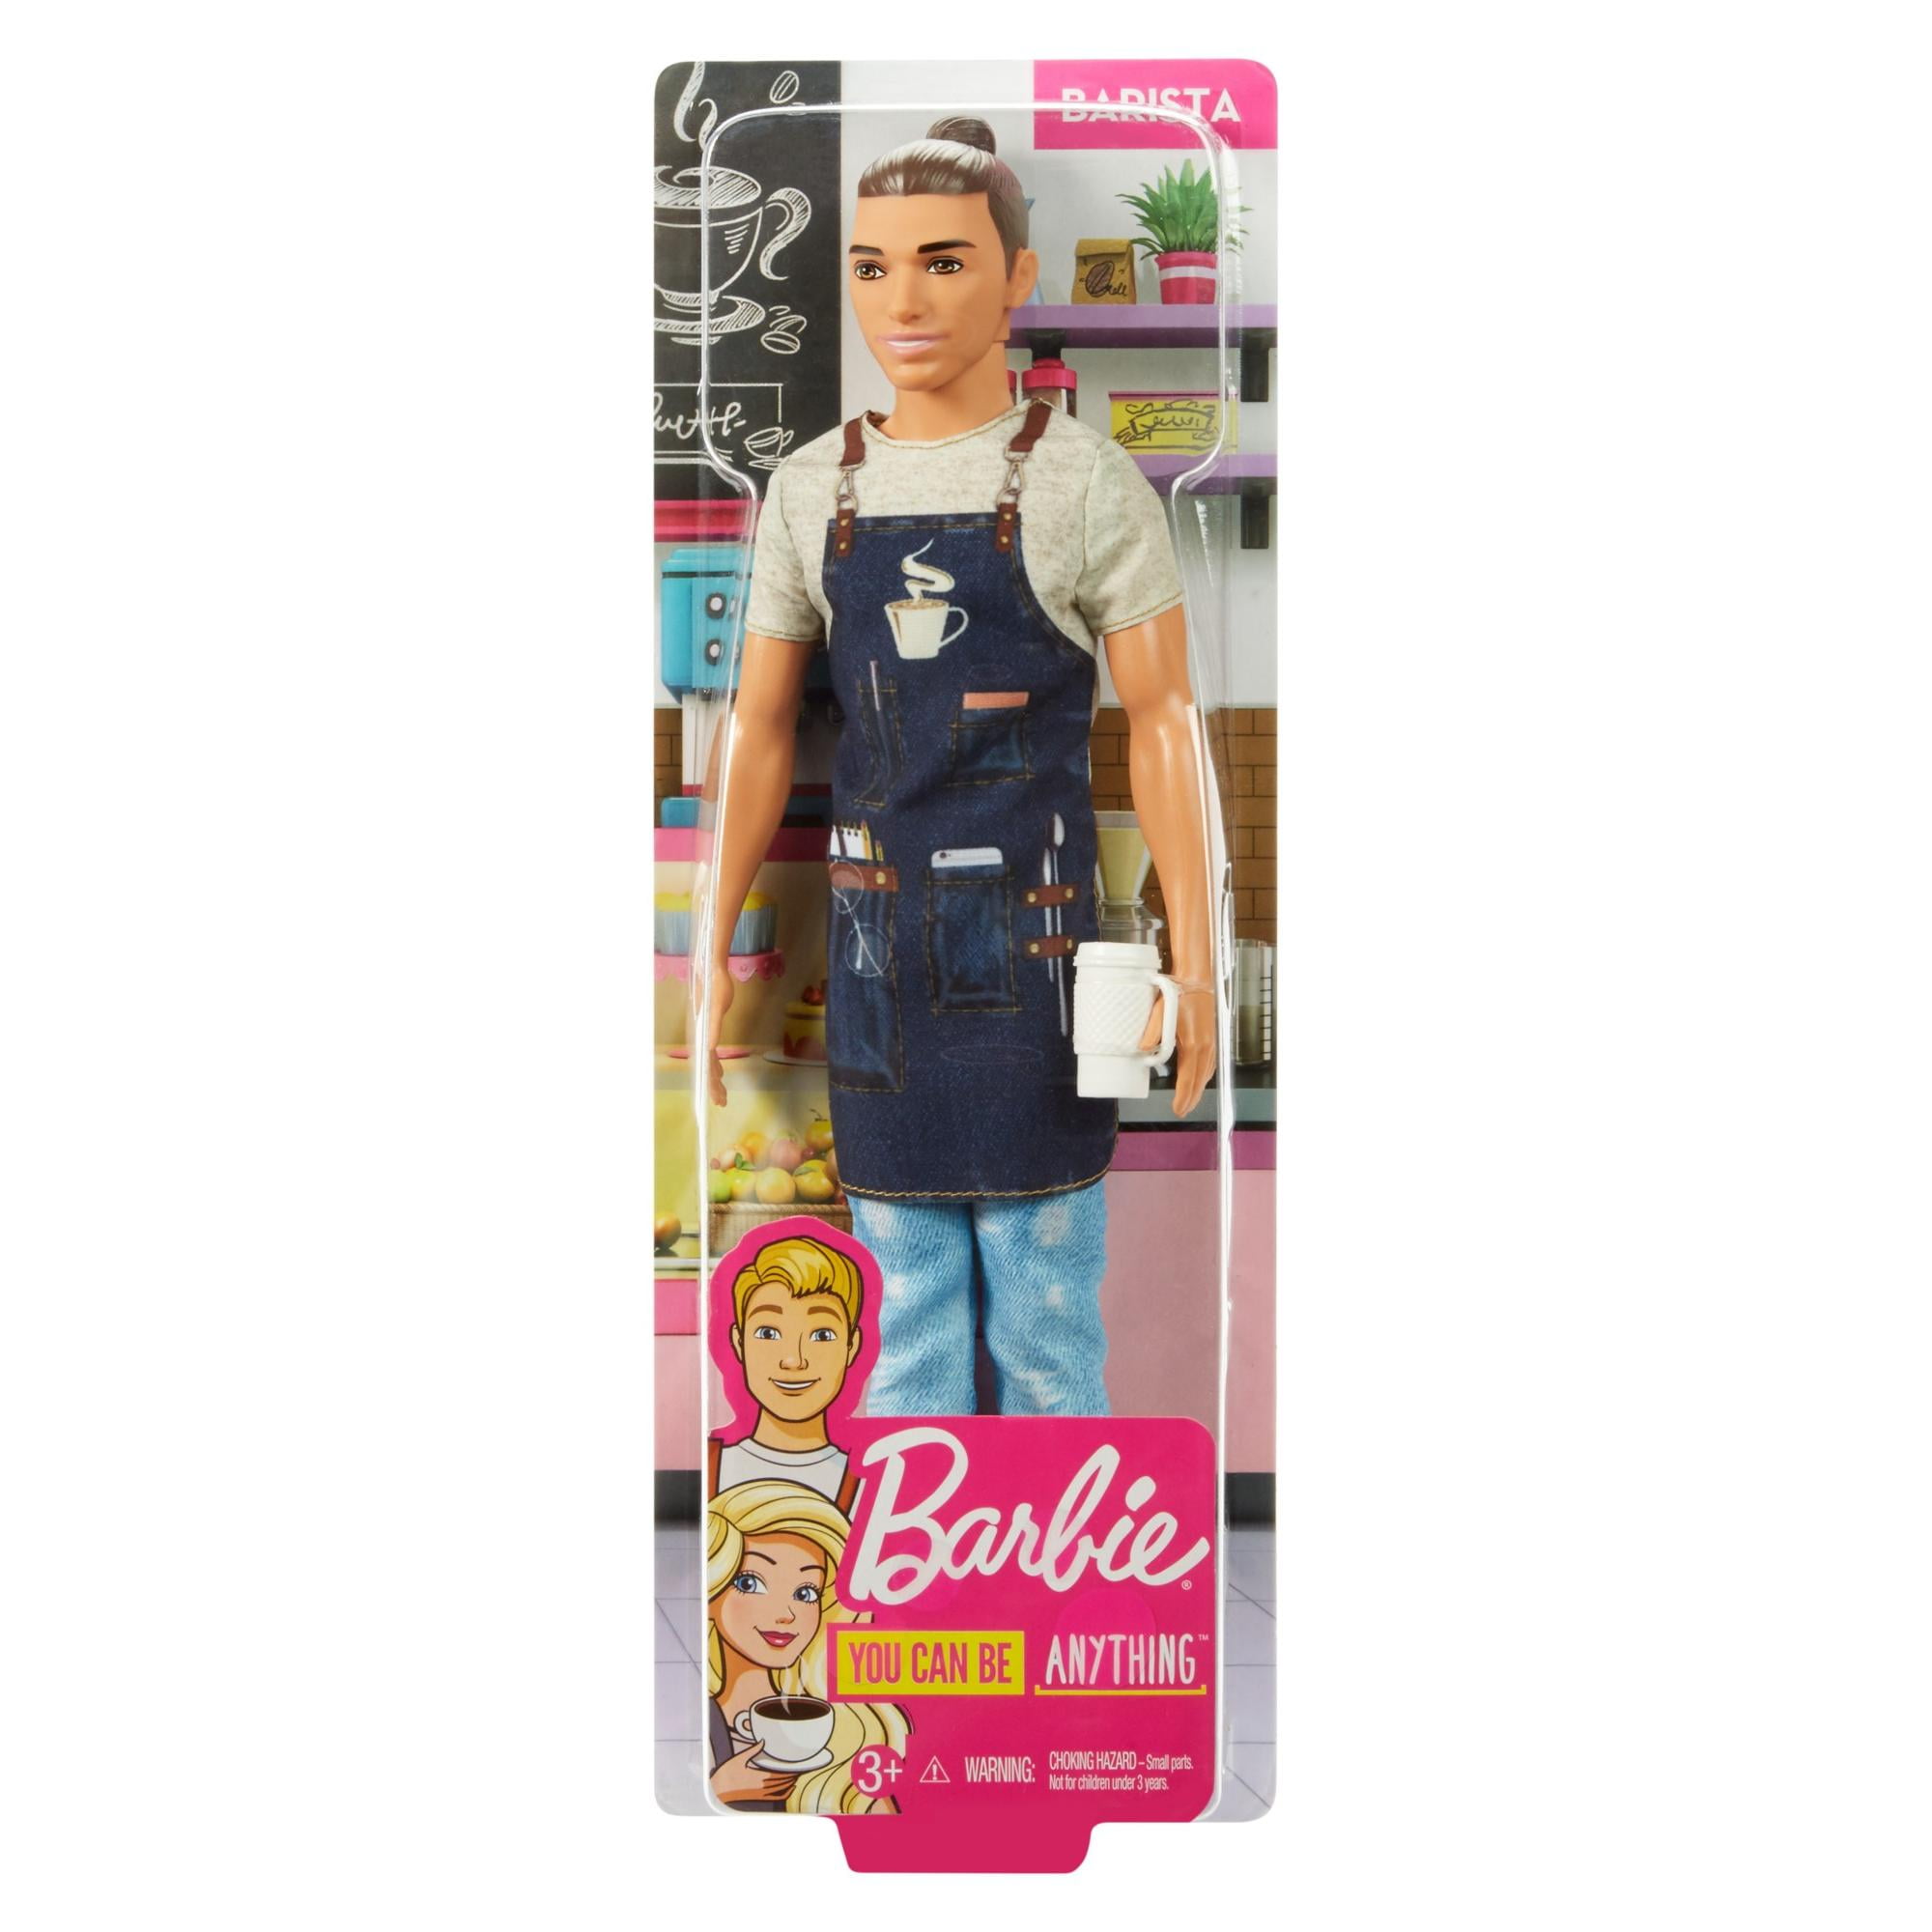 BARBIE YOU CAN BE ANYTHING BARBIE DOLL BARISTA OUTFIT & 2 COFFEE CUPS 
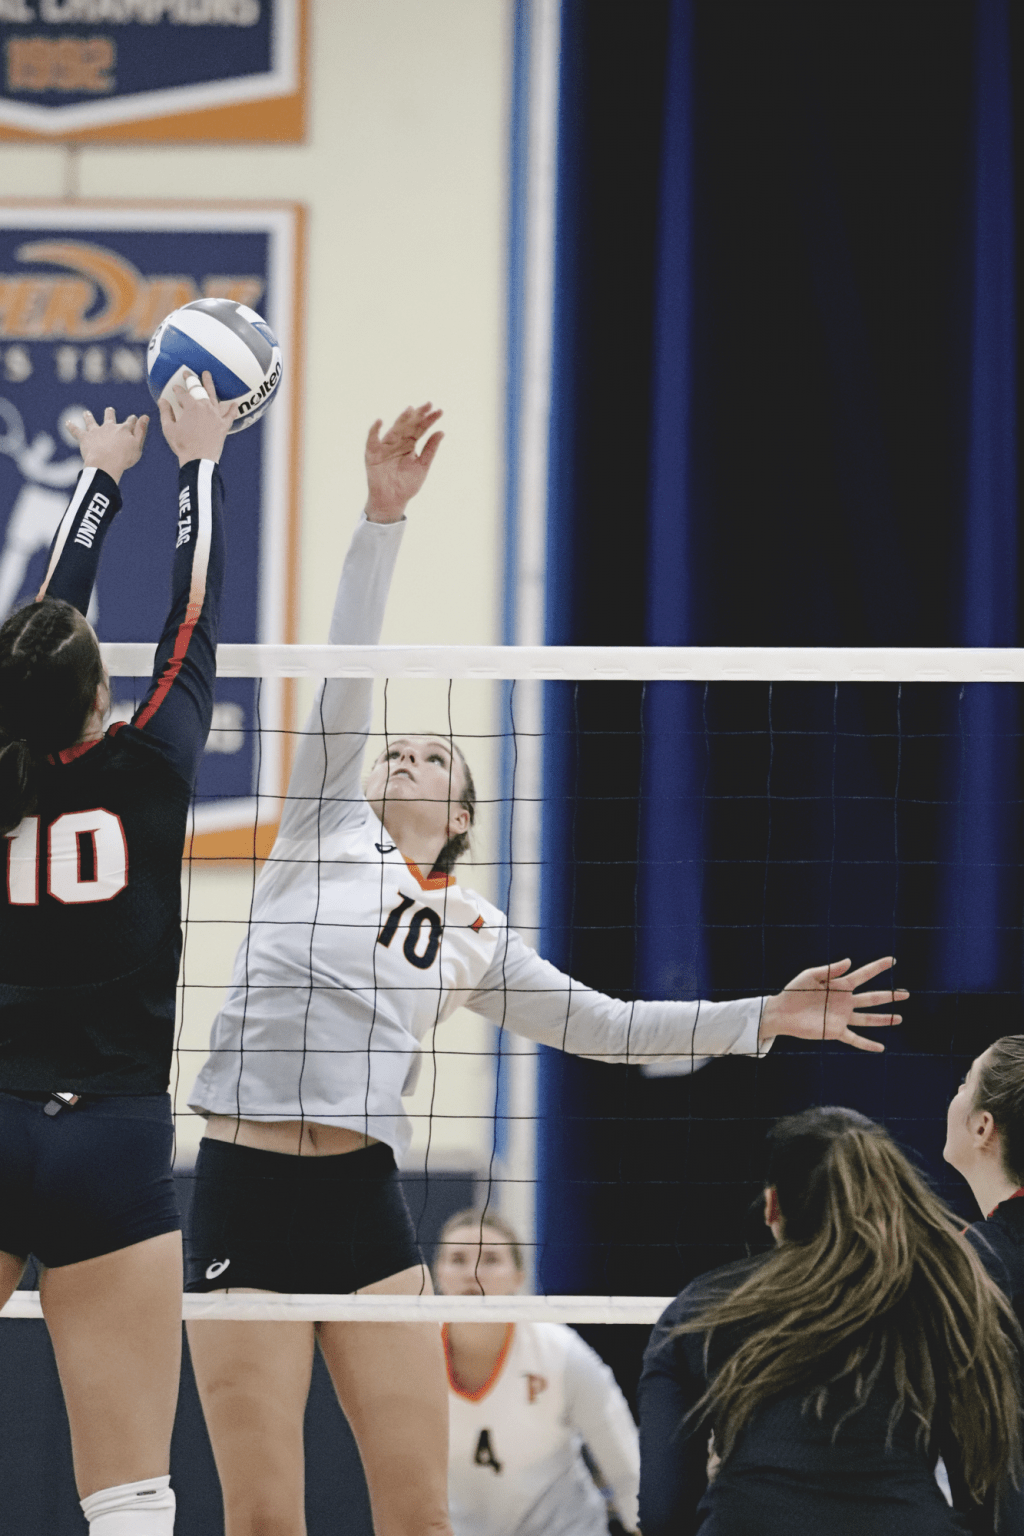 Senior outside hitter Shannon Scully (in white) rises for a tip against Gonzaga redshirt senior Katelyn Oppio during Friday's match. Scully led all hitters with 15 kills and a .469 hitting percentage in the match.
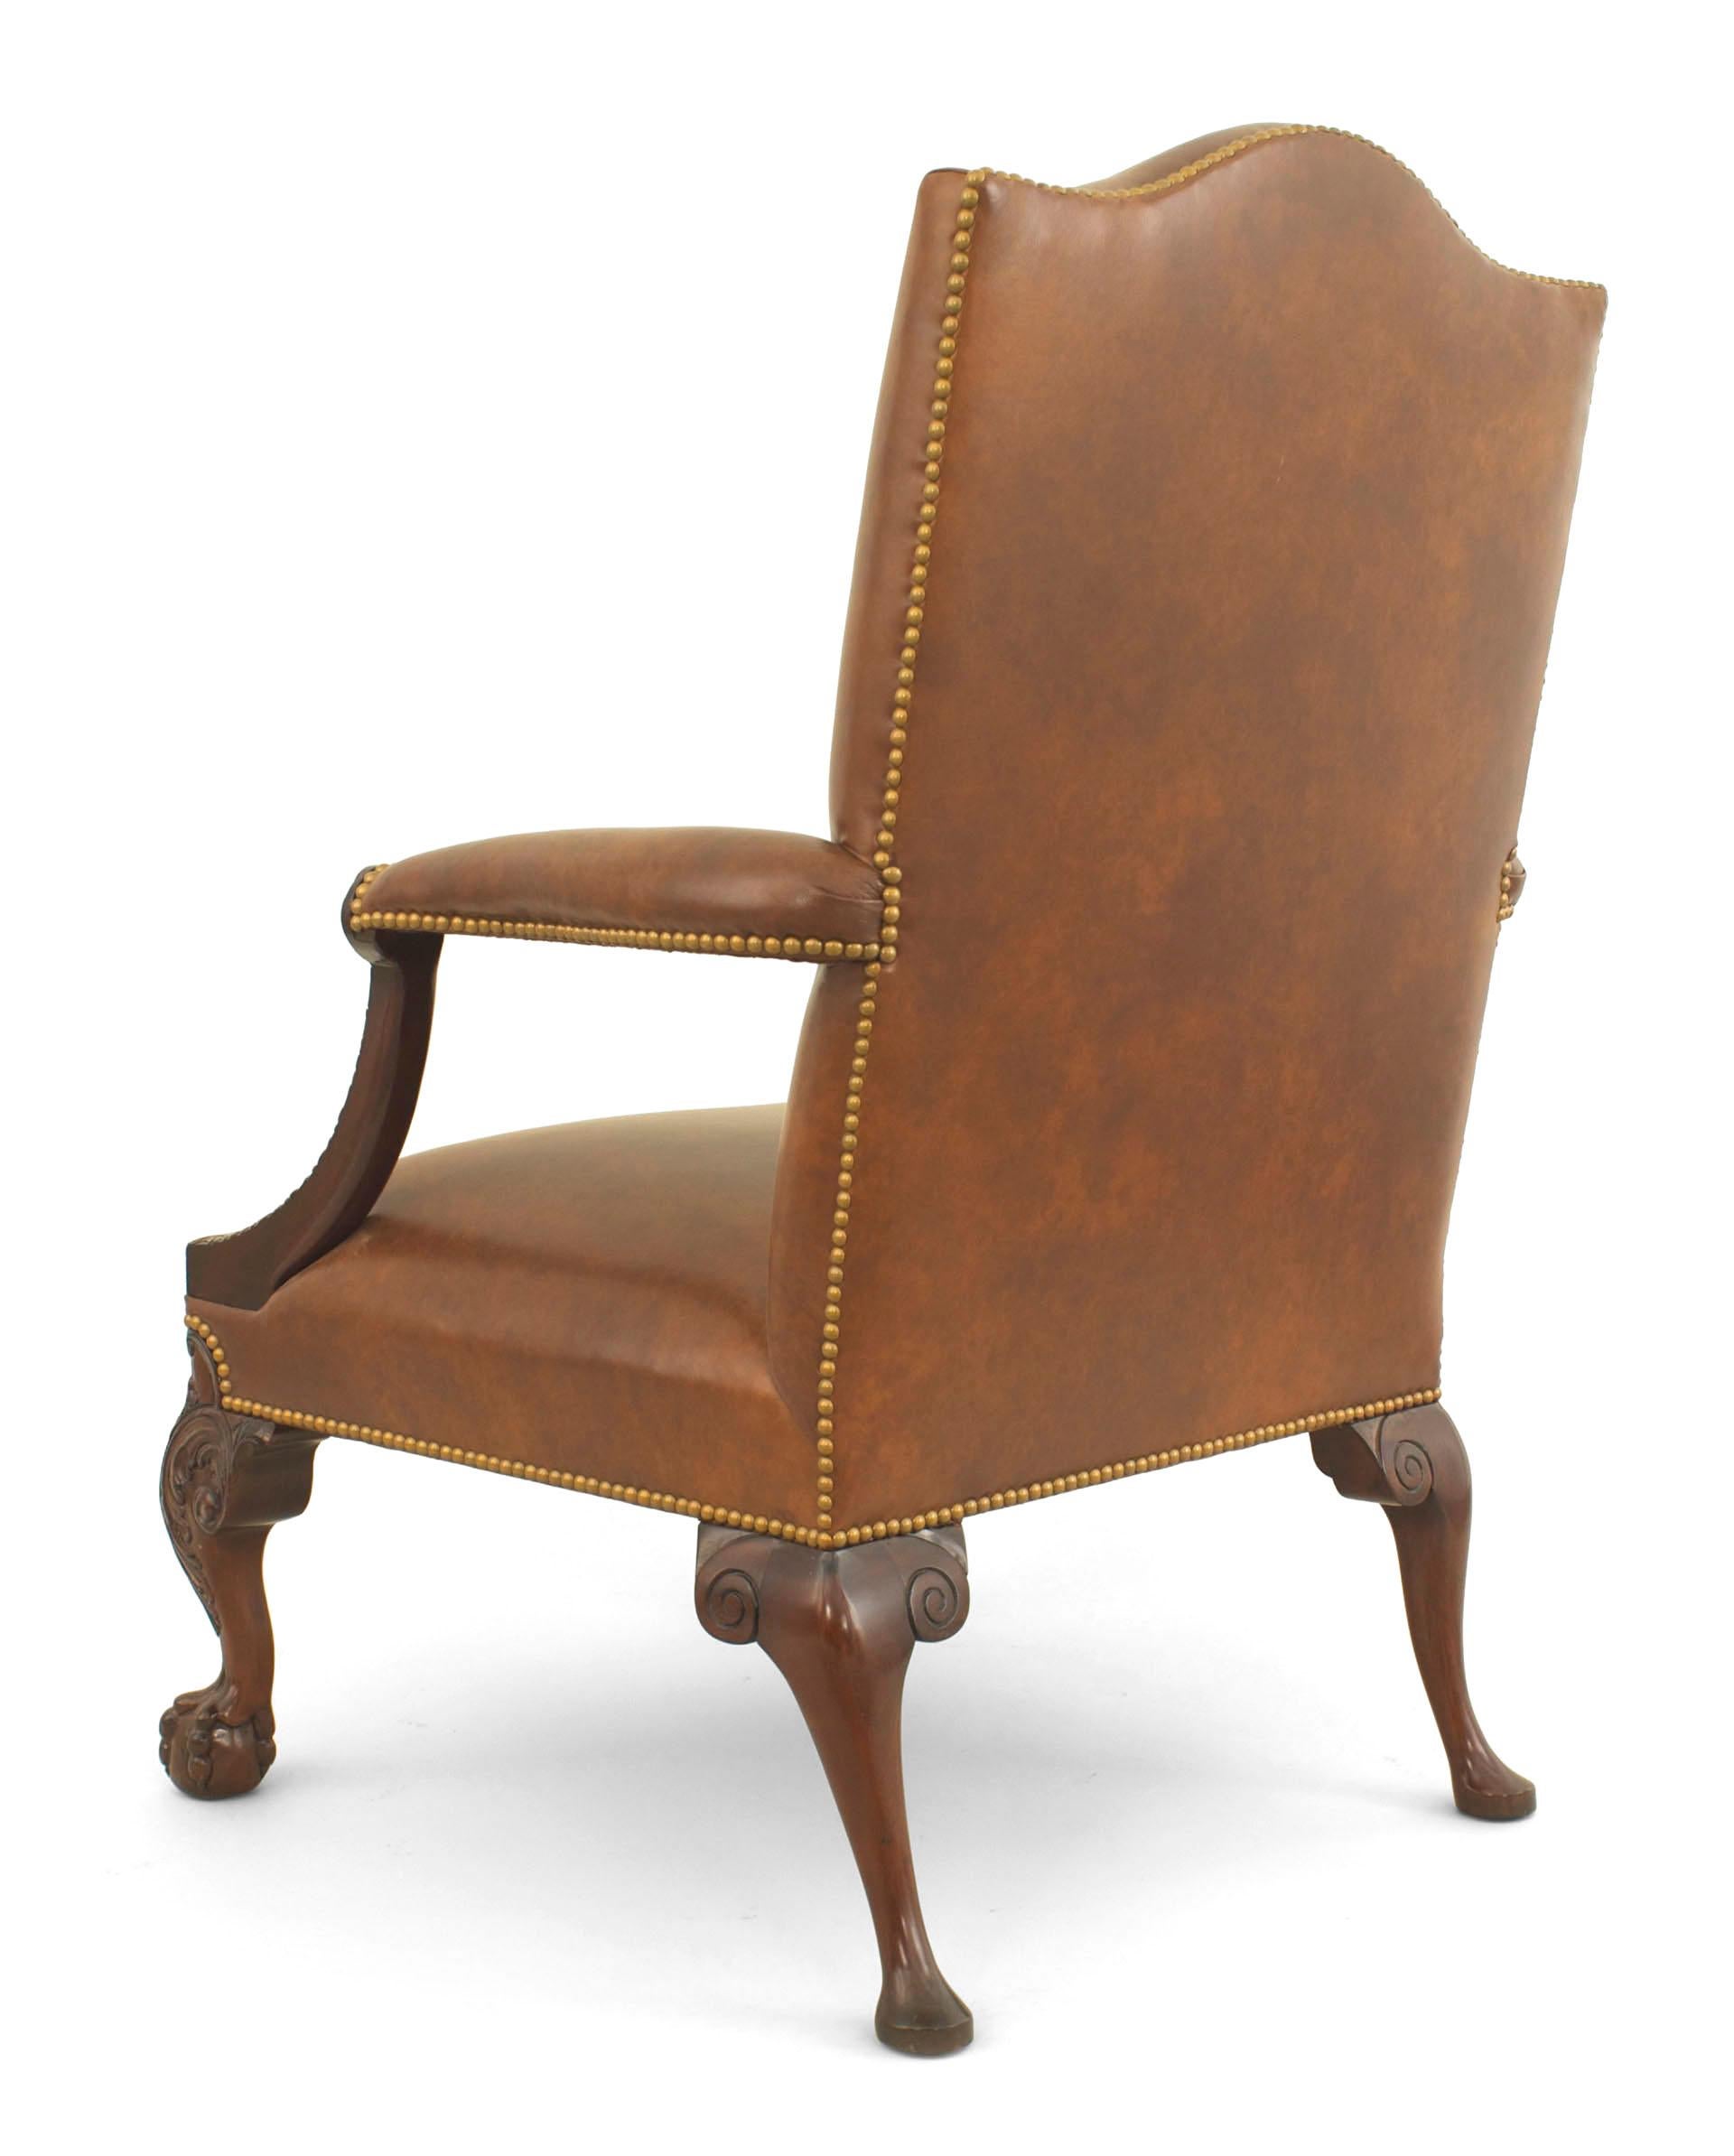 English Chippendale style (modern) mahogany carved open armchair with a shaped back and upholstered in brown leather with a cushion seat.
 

○ ○ ○ ○ ○ ○ ○

Work item:
Reproduce the listing exactly, but keep its images out of the copy.

Response box:
 BARBIE YOU CAN BE ANYTHING BARBIE DOLL BARISTA OUTFIT & 2 COFFEE CUPS 
 Senior outside hitter Shannon Scully (in white) rises for a tip against Gonzaga redshirt senior Katelyn Oppio during Friday's match. Scully led all hitters with 15 kills and a .469 hitting percentage in the match.
 English Chippendale style (modern) mahogany carved open armchair with a shaped back and upholstered in brown leather with a cushion seat.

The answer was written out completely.